**Task goal**
Once you have located the line containing "You are currently" in the material below, return it exactly along with each line after it through the line containing "[MINI Super-HQ] Incredibles".

**Source data**
◇ ◇ ◇

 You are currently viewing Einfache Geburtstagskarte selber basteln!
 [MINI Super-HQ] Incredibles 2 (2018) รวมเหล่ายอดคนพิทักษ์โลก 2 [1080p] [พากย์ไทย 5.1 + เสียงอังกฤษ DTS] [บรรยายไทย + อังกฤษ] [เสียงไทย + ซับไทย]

◇ ◇ ◇

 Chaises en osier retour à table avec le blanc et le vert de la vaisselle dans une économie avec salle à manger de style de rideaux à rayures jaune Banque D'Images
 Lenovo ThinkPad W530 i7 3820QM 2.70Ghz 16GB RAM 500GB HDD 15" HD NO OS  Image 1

◇ ◇ ◇

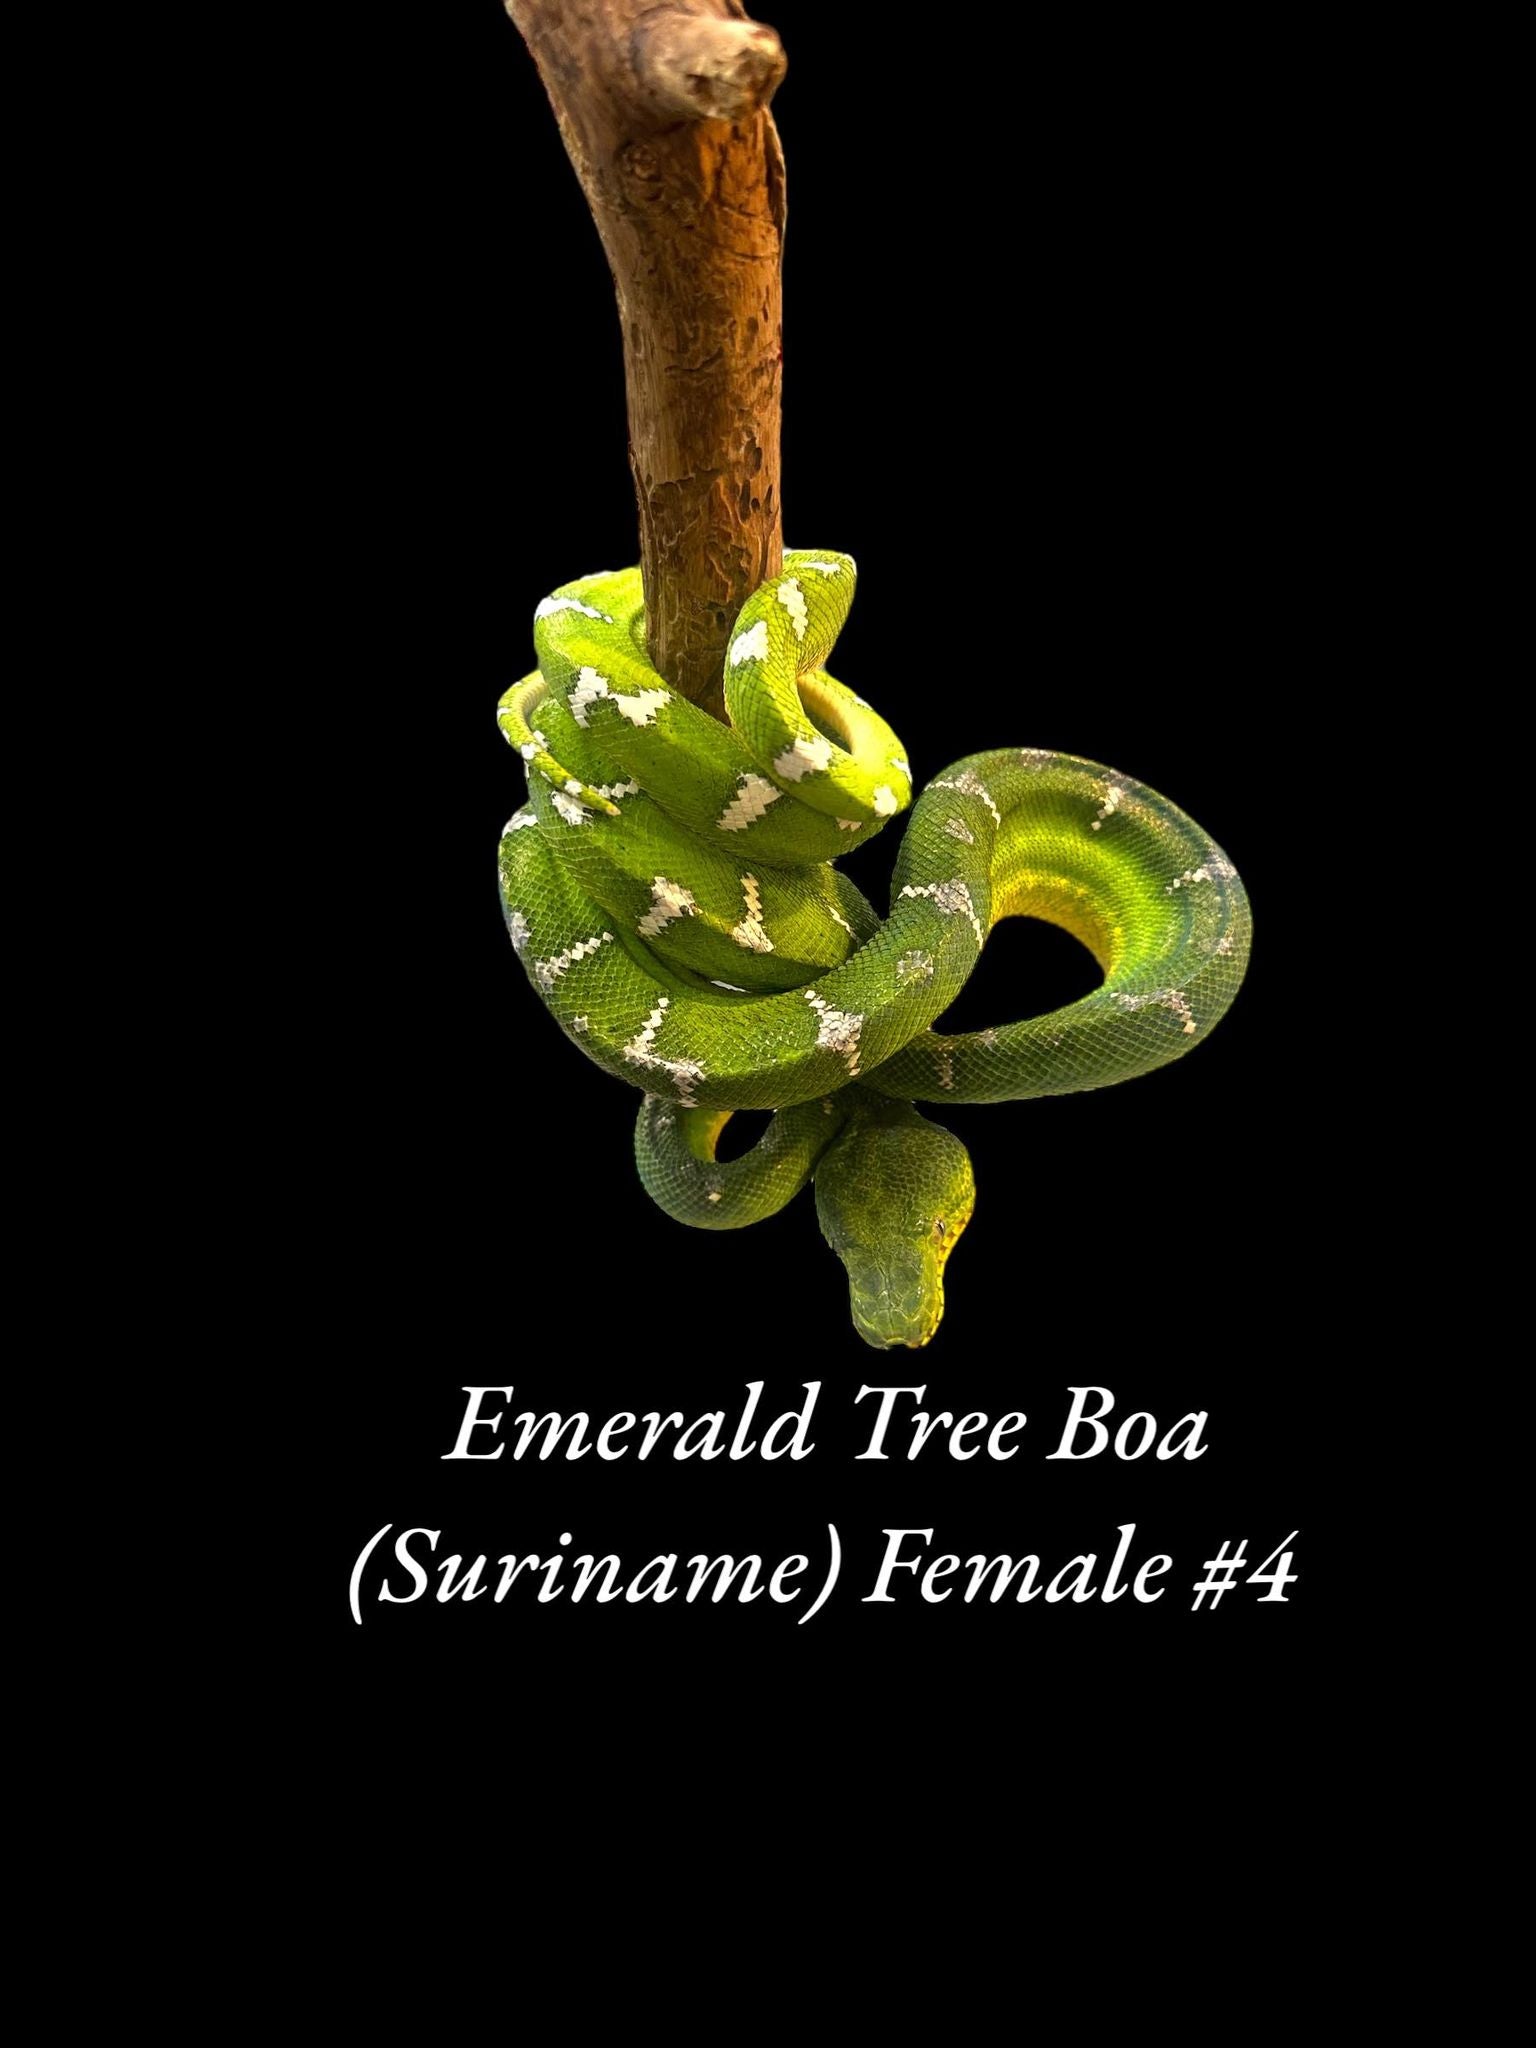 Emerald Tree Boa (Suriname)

◇ ◇ ◇

**Response box**
 You are currently viewing Einfache Geburtstagskarte selber basteln!
 [MINI Super-HQ] Incredibles 2 (2018) รวมเหล่ายอดคนพิทักษ์โลก 2 [1080p] [พากย์ไทย 5.1 + เสียงอังกฤษ DTS] [บรรยายไทย + อังกฤษ] [เสียงไทย + ซับไทย]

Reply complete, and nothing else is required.